Ощущение было такое, что сама гора зашаталась туда–сюда, словно ей тоже надоело мерзнуть или ей захотелось сбросить с себя этих людишек, которым вздумалось ее покорить.
— Бат!
Любой крик, любой зов был сейчас бессмысленным. Буря властвовала надо всем: над горами и небом, над снегами и ледниками, над животными и людьми. Именно она, эта необузданная буря, и решала, кому еще кричать, а кому никогда больше не вскрикнуть, кому умереть сейчас, а кому позже. «Я не должен погибнуть!» Все естество Тенгери противилось этому. «Я взываю ко всем богам–небожителям и богам этих гор: не допустите этого! Я не хочу!» Его пальцы вцепились в чью–то овчину, ртом он тоже прижимался к чьей–то шубе. Он даже вцепился в нее зубами, а разжать его пальцы вряд ли кто–нибудь сумел бы. Чья это шуба, он не знал. Да и какая разница? Может быть, ее хозяин так же цепляется сейчас за шубу соседа. Они сплетались в клубок, как дикие звери, а снег и льдинки, льдинки и снег все больше погребали их под собой.

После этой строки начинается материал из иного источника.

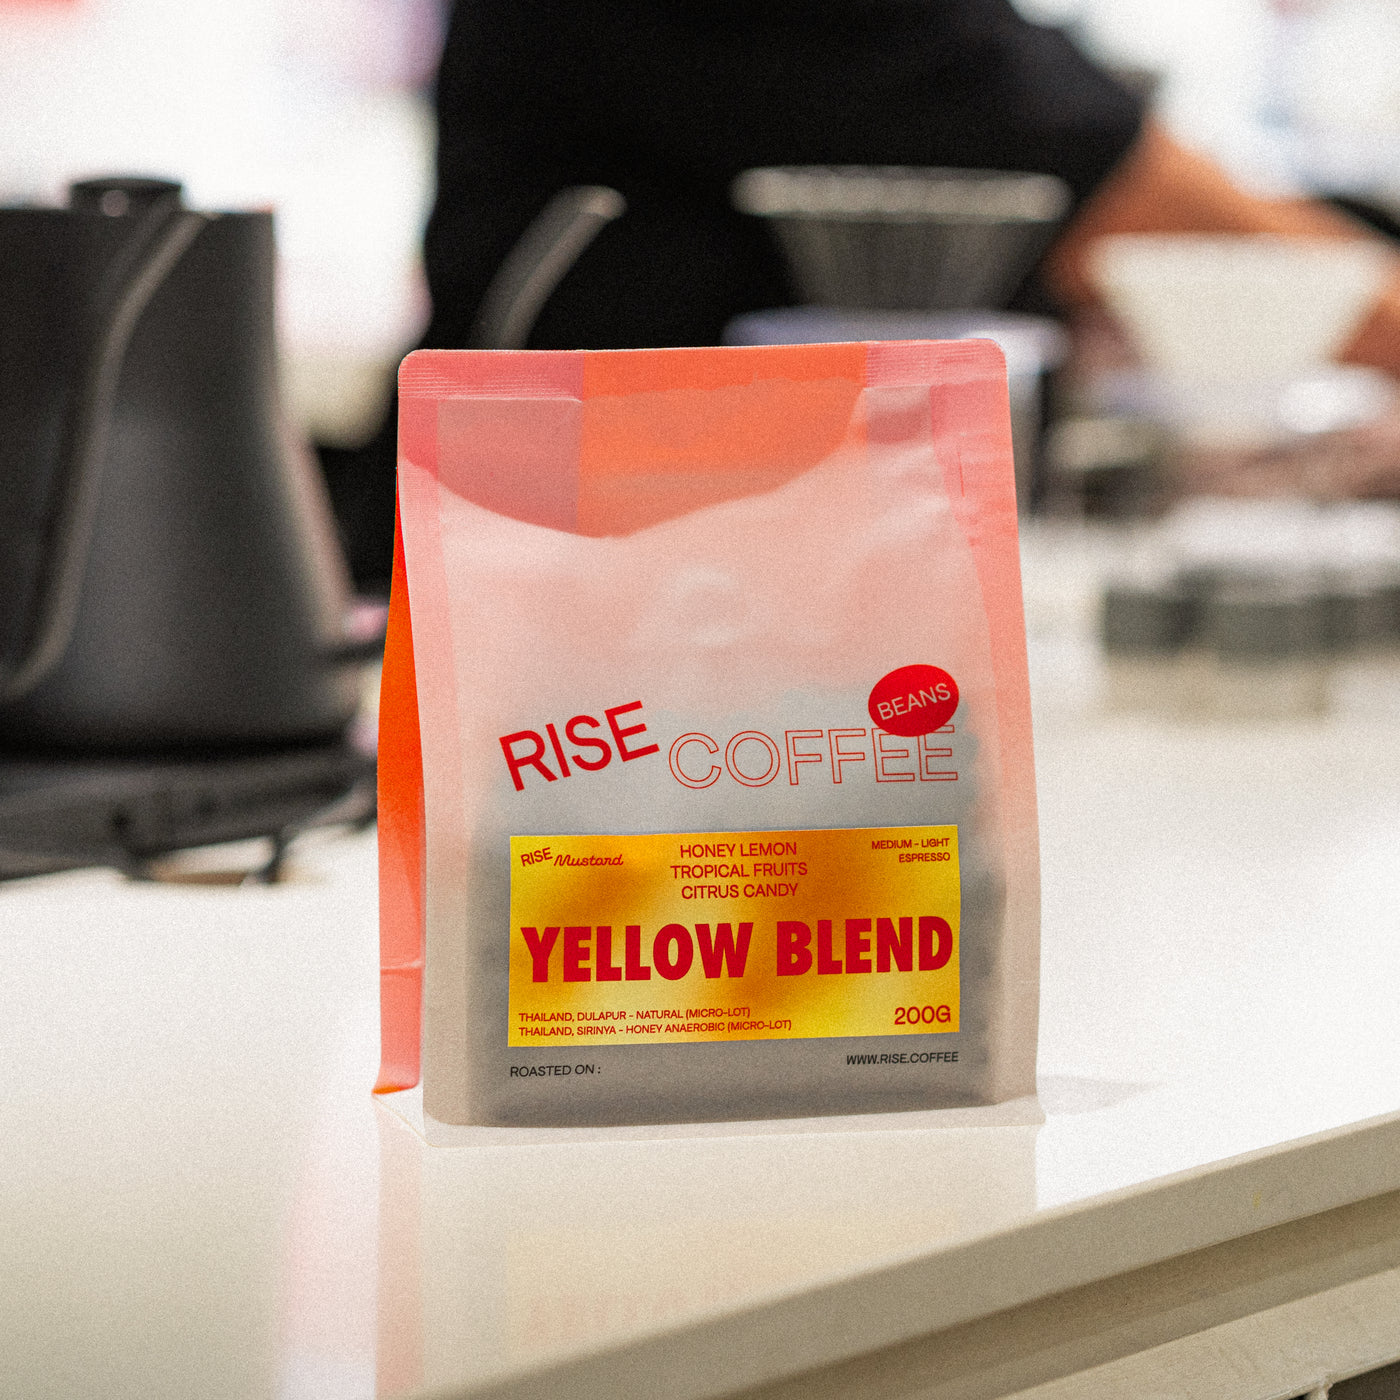 RISE COFFEE x Mustard - Yellow Blend (Micro-Lot)

Сколько времени это продолжалось, никто потом сказать не мог. Когда буря улеглась, небо сделалось таким чистым, таким звездным, каким они его никогда в горах не видели. Луну кто–то словно приморозил к вершине одной из гор, и теперь она выкрасила снег в синий, а лед — в серо–зеленый цвет. Все выглядело каким–то болезненным, блеклым, неестественно замершим, неживым.
— Бат! — крикнул Тенгери. — Смотри, Бат, луна! Она вернулась! Живем, Бат, луна вернулась!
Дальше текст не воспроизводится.